1 Environmental Remote Sensing Lecture 5: Image Classification " Purpose: – categorising data – data abstraction / simplification – data interpretation – mapping " for land cover mapping " use land cover class as a surrogate for other information of interest (ie assign relevant information/characteristics to a land cover class)

2 Basis for 'classifying' " method: pattern recognition " use any/all of the following properties in an image to differentiate between land cover classes:- – spectral – spatial – temporal – directional – [time / distance-resolved (LIDAR)]

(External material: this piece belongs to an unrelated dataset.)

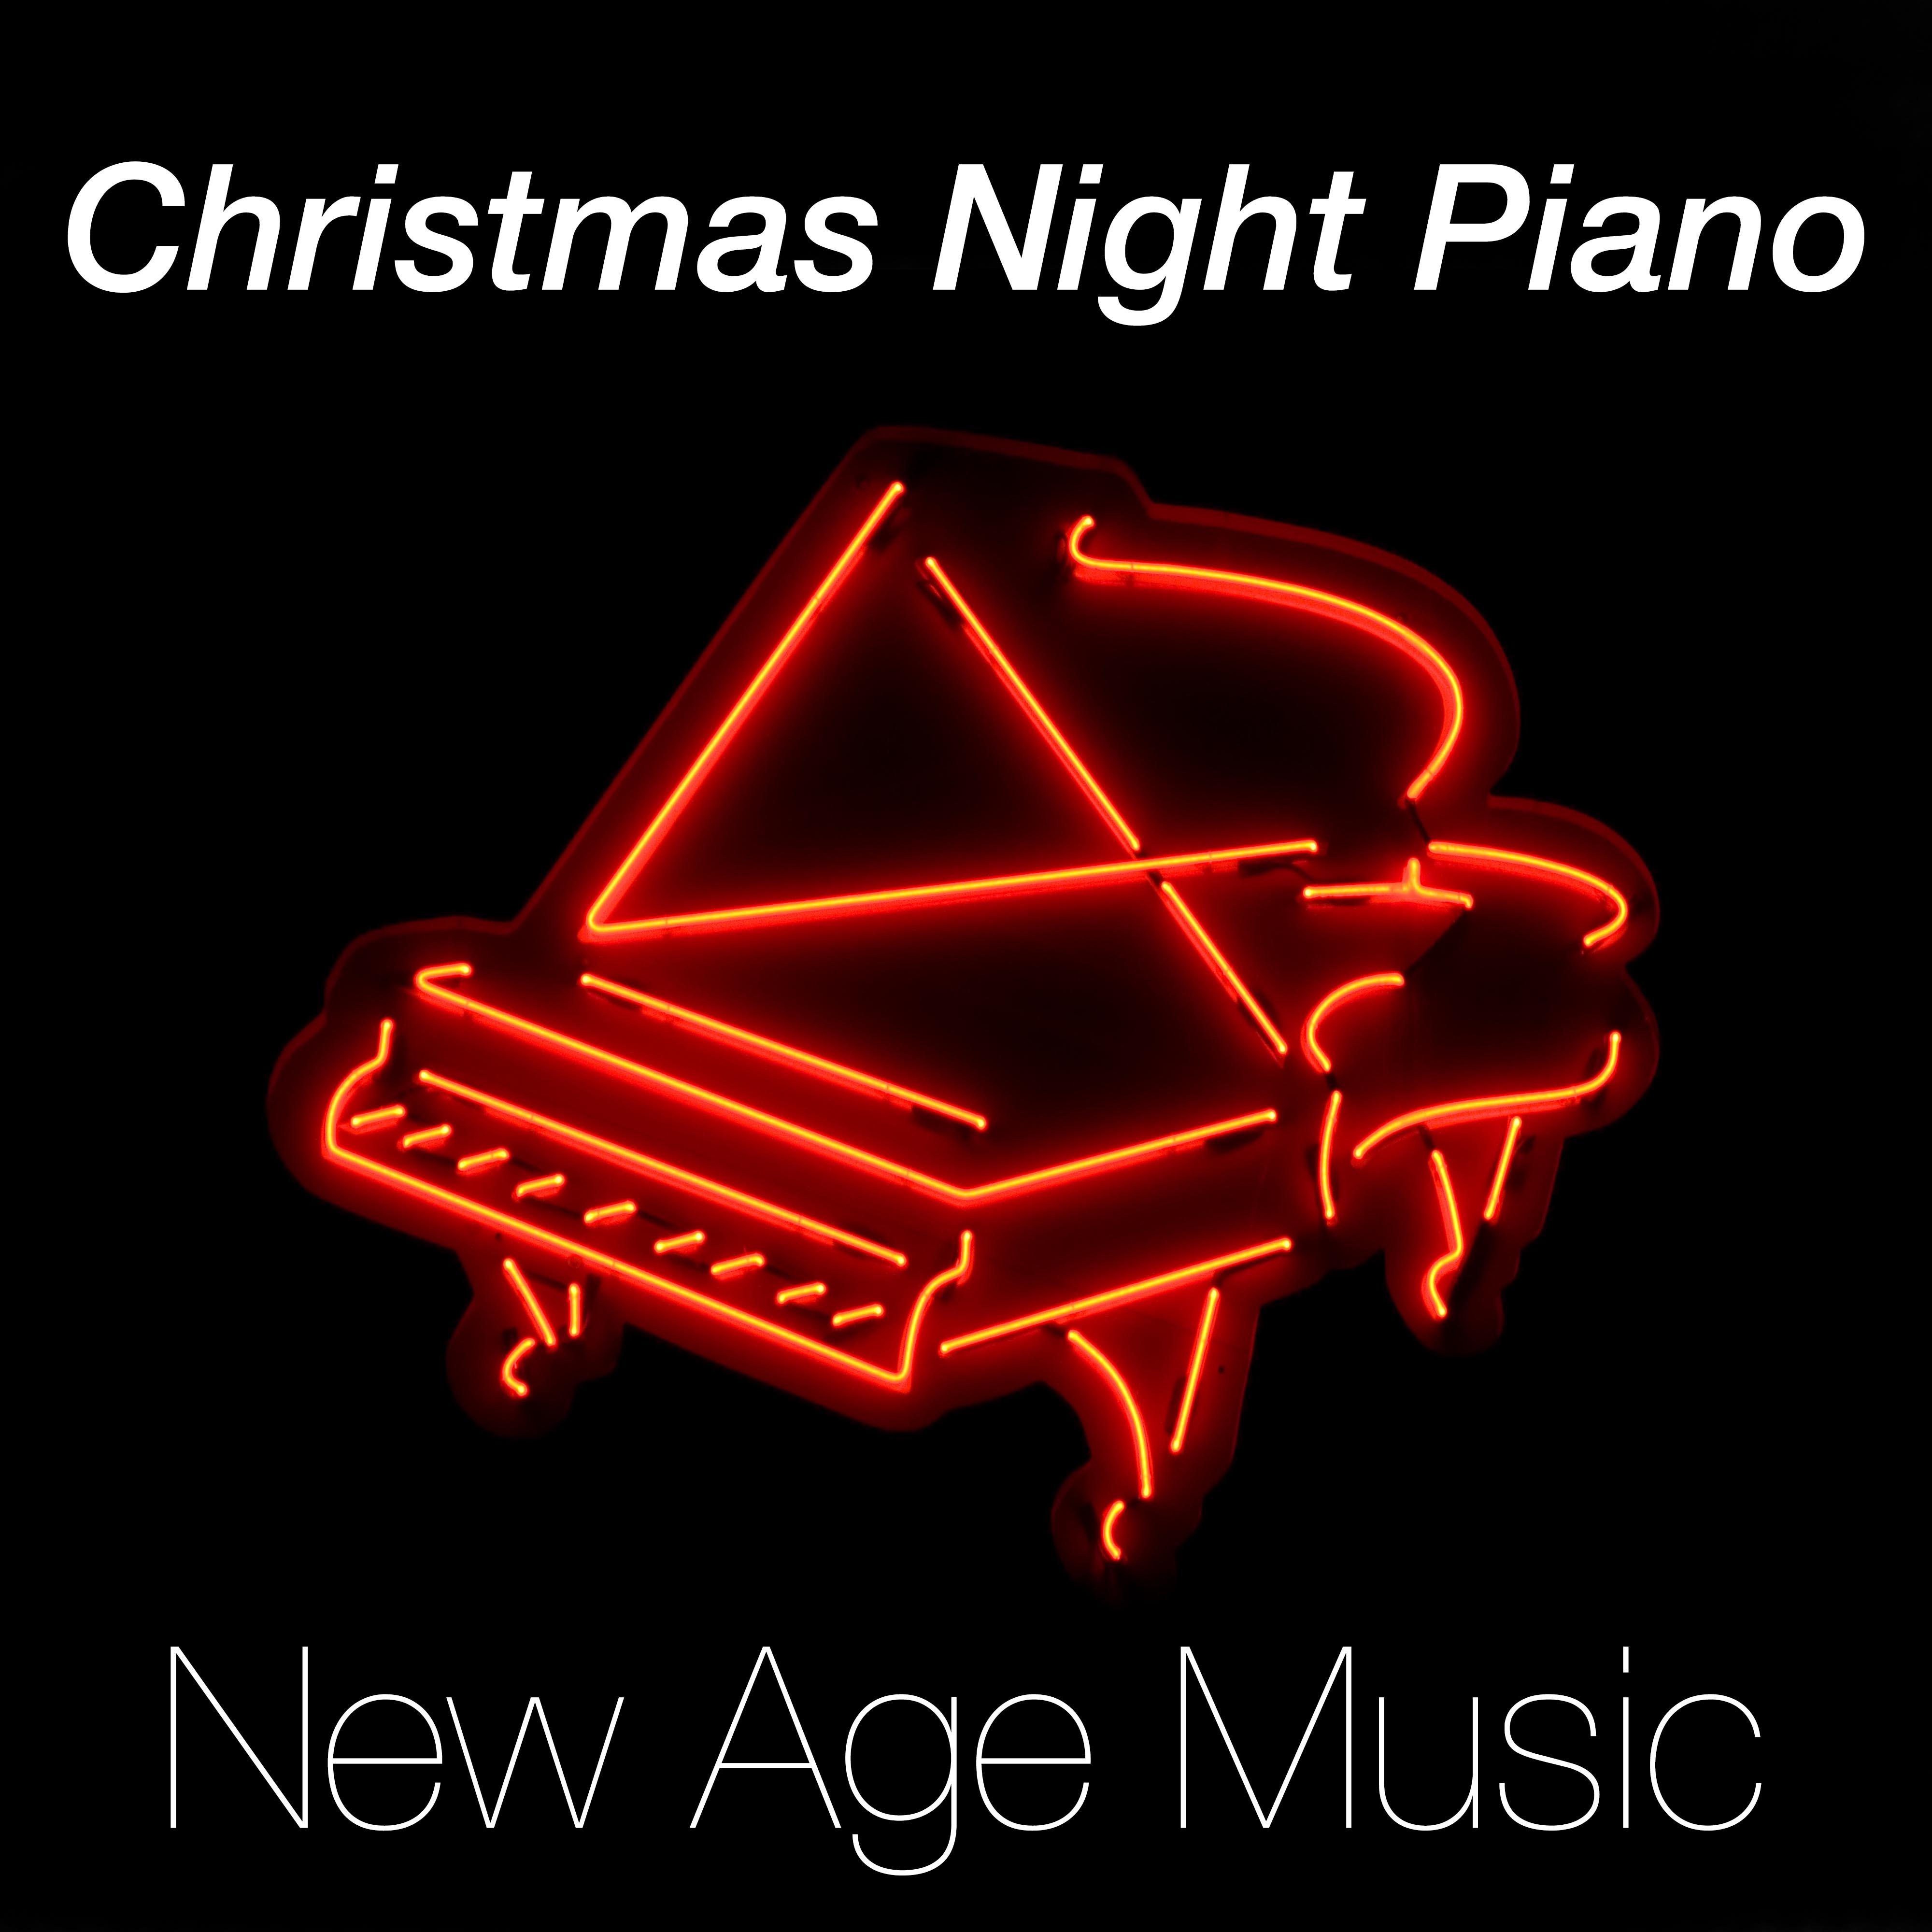 Christmas Night Piano - New Age Music and Piano Lullabies to help you Sleep at Christmas Time

3 Spatial Pattern Recognition " attempt to make use of spatial context to distinguish between different classes – e.g. measures of image texture, shape descriptors derived from image data, spatial context of 'objects ' derived from data. temporal pattern recognition " the ability to distinguish based on spectral or spatial considerations may vary over the year " use variations in image DN (or derived data) over time to distinguish between different cover types – e.g. variations in VI over agricultural crops

4 directional pattern recognition " surface with different structures will tend to give different trends in reflectance as a function of view and illumination angles – recent work indicates that we may be able to make use of such information to distinguish between surfaces with different structural attributes, even if they are not clearly separable on the basis of spectral properties alone. spectral pattern recognition " most typically used " relies on being able to distinguish between different land cover classes from differences in the spectral reflectance (or more typically, image DN) in a number of wavebands

5 Approaches to Classification " Whatever the particular feature(s) of a surface we are attempting to use to distinguish it from other surfaces, we need some form of automated classification algorithm to achieve this on a computer. – Supervised Classification – Unsupervised Classification

6 Supervised Classification " training stage – preprocessing of images e.g. using Principal Components analysis may be advisable sometimes to determine the intrinsic dimensionality of the data " Identify areas of cover types of interest (map, ground survey, spectral characteristics) in bands of an image – typically, a FCC image is used, with three bands which will enhance discrimination between cover types of interest – utility of FCC is dependent on display capabilities, and individual bands can also be used (or band transformations, such as NDVI which will enhance vegetation, or various principal component bands )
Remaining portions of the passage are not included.